Carrot chutney recipe | easy side dish for idli, dosa rotti, rice …
This chutney is vegan, gluten free and no need to add onion or garlic.
The taste of chutney prepared using the vegetables is so heavenly and healthy. Simple yet finger-licking chutneys can be prepared using any vegetable of your choice like heerekayi, cabbage, greens like dill leaves, etc..
Here’s One more recipe to vegetable chutneys archive – carrot chutney. carrot halwa, carrot holige, carrot pepper rice,and more CARROT RECIPES HERE you should try.
Carrots are very beneficial to health. To name a few –
Benefits of carrot:
Carrot is an amazing root loaded with Vitamin A and beta carotene. The high level of beta-carotene acts as an antioxidant.
It helps slow down the aging of cells.
Chewing on a piece of carrot after each meal helps in maintaining healthy gums and teeth.
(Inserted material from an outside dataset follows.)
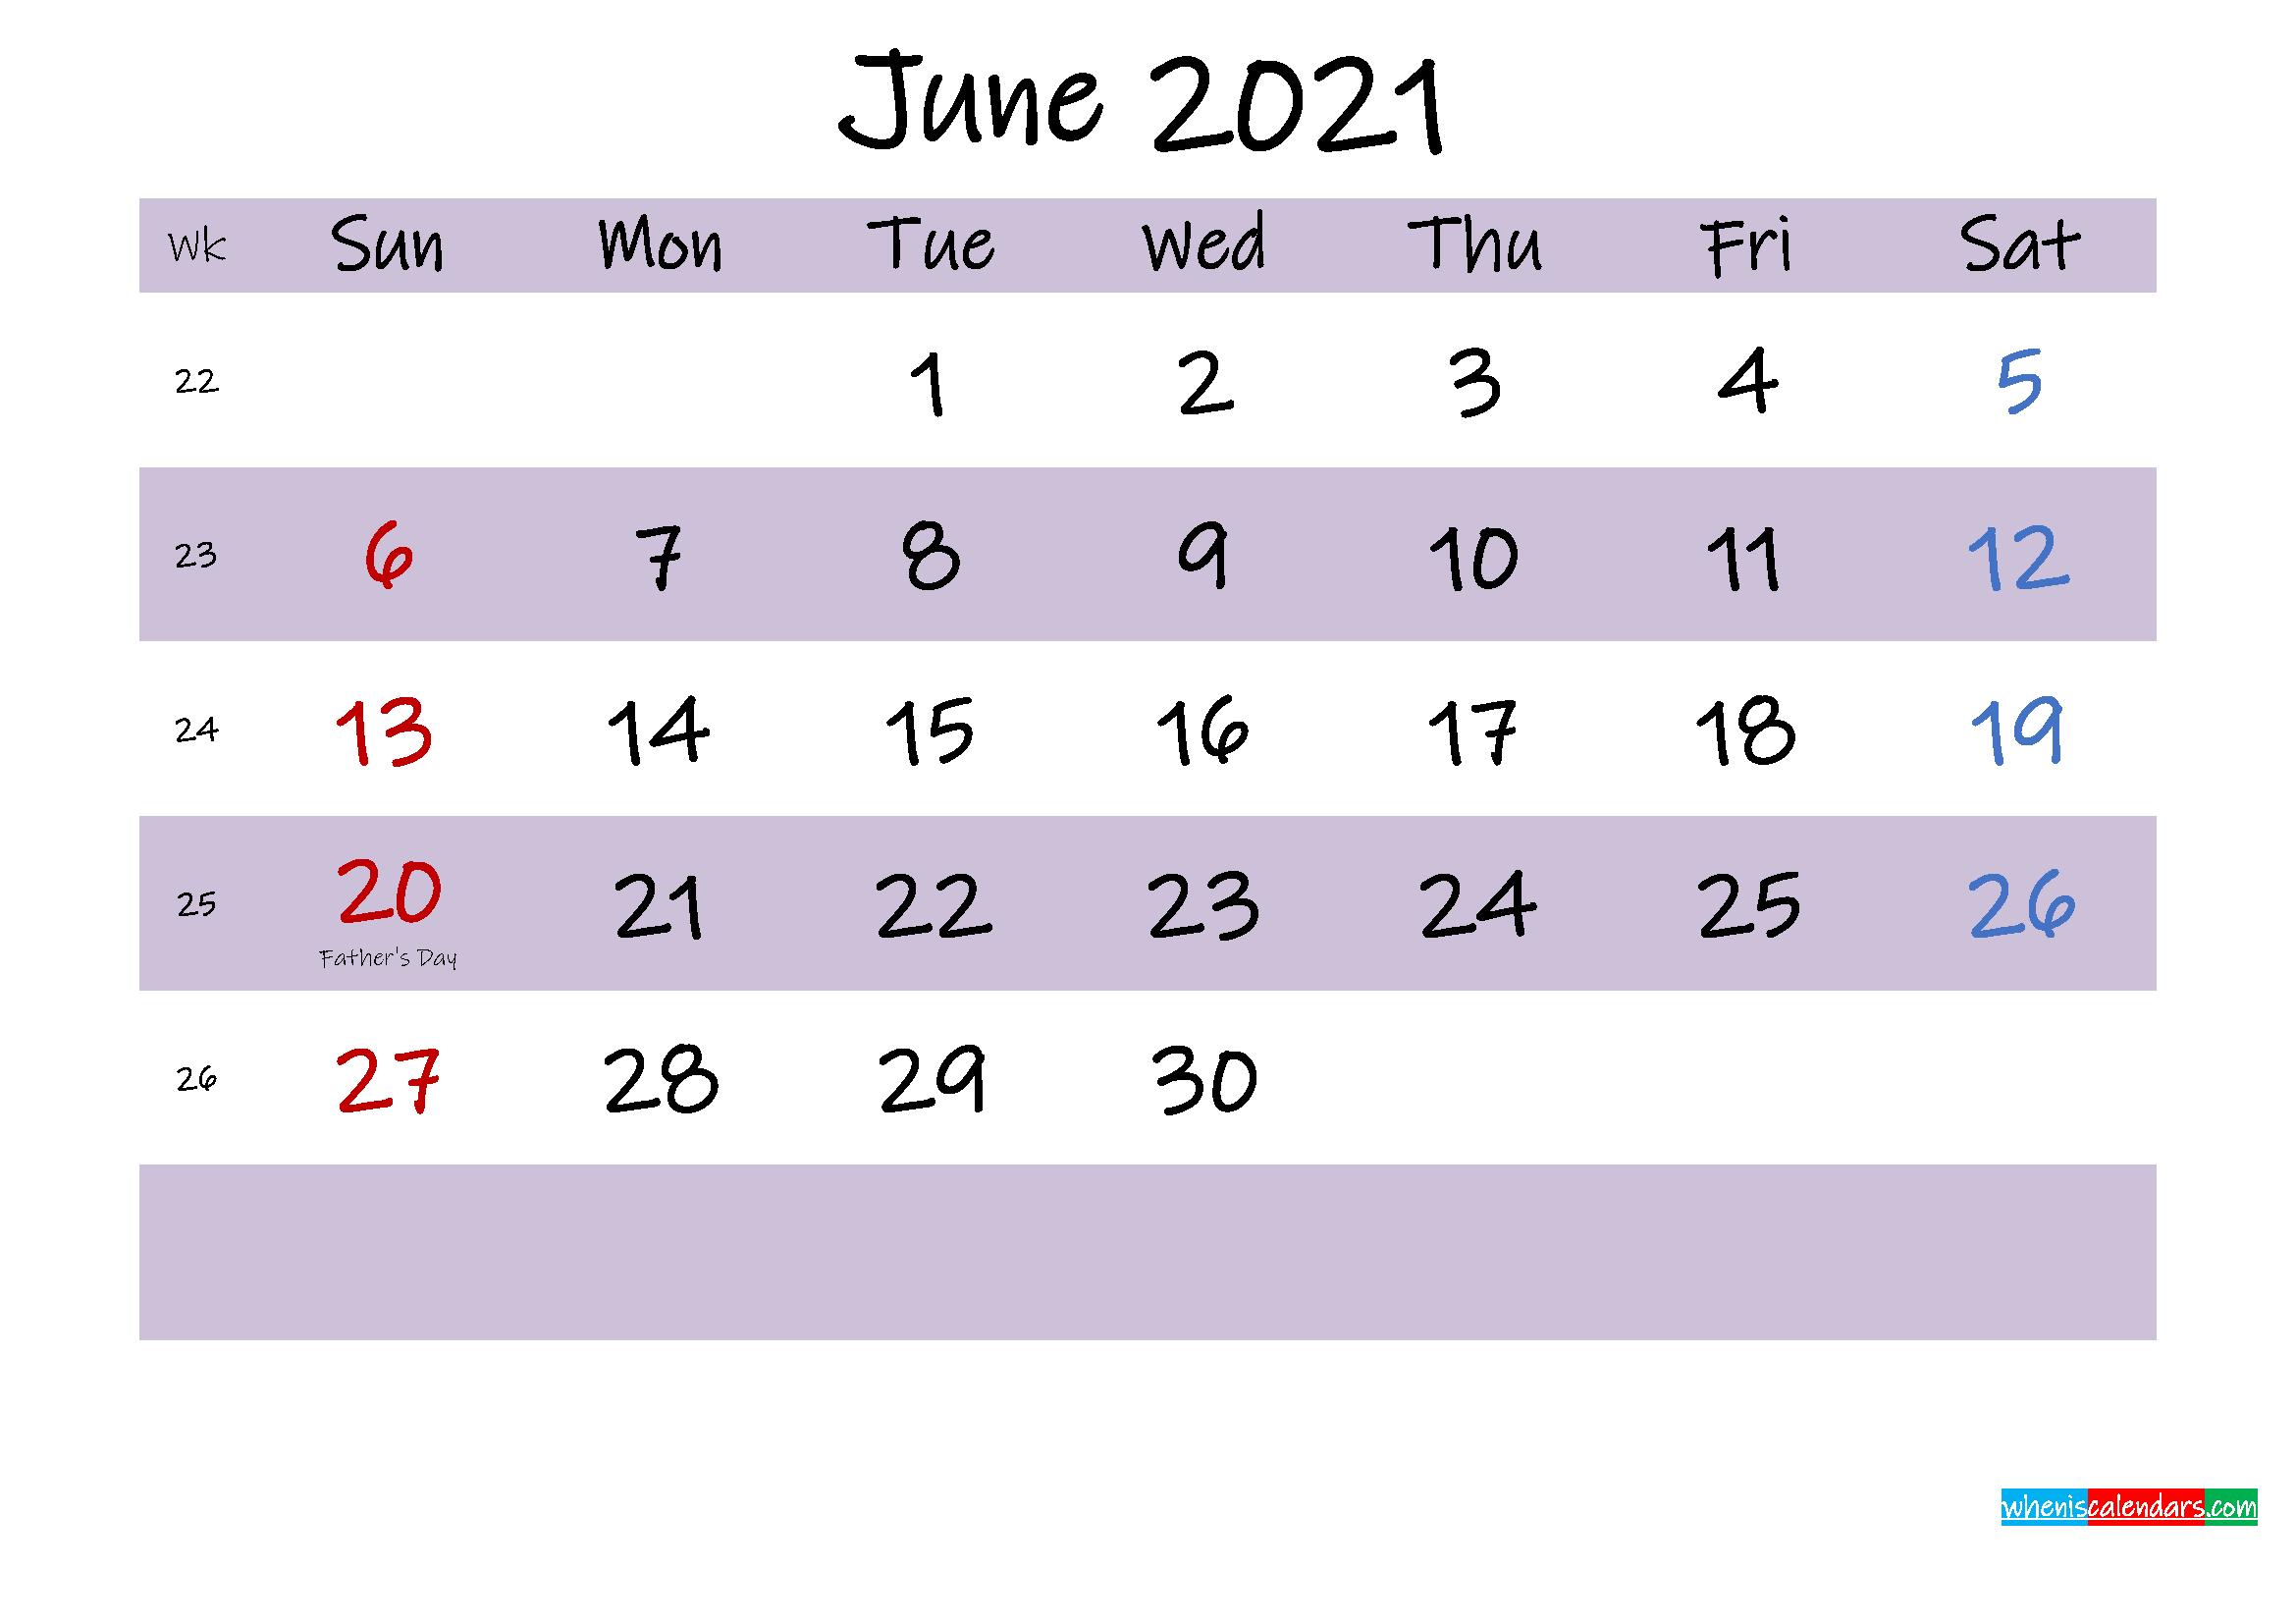 June 2021 Calendar with Holidays Printable

Ingredients for carrot chutney:

  • 3 to 4 small carrots OR
  • 1.25 to 1.5 cup cut carrots
  • Little tamarind
  • 3/4 tsp salt or salt to taste
  • little jaggery (optional)
  • coriander leaves
  • water as needed

To fry/roast the carrot:

  • 1 tsp peanut oil or any cooking oil
  • 3 to 4 green chilies
  • 1 tbsp kadlebele / chana dal /bengal gram
  • 1/2 tsp coriander seeds
  • 1/2 tsp jeera / cumin seeds
  • curry leaves
  • 1/4 cup fresh/frozen grated coconut

Seasoning:

  • 1 tsp peanut oil or any cooking oil
  • Pinch of hing
  • ¼ tsp mustard seeds
  • ½ tsp black gram / urad dal
  • Broken red chili pieces

Method:

  1. Wash and soak little tamarind in 1/4 cup water
  2. Heat the oil in a pan on medium low heat,
  3. Add chana dal along with jeera, and cumin seeds, fry it until dal turns golden brown,
  4. Add green chilies, fery for a few seconds , then add carrots, few curry leaves, mix it. add 1/4 tsp salt, mix it, cover it, cook it on low flame for 3 to 5 minutes
  5. Once it is cooked, add coconut, mix it, turn off the heat and let it cool.
  6. Grind the carrot mix along with little coriander leaves, soaked tamarind, salt and water to chutney consistency.
  7. Transfer the chutney to a bowl, prepare seasoning

Seasoning:.

  1. Heat a tsp of oil in a ladle, once hot add pinch of hing, mustard seeds
  2. After it pops, add urad dal, fry it. then turn off the heat, add broken red chili pieces,
  3. serve this with rotti, rice, chapathi, dose…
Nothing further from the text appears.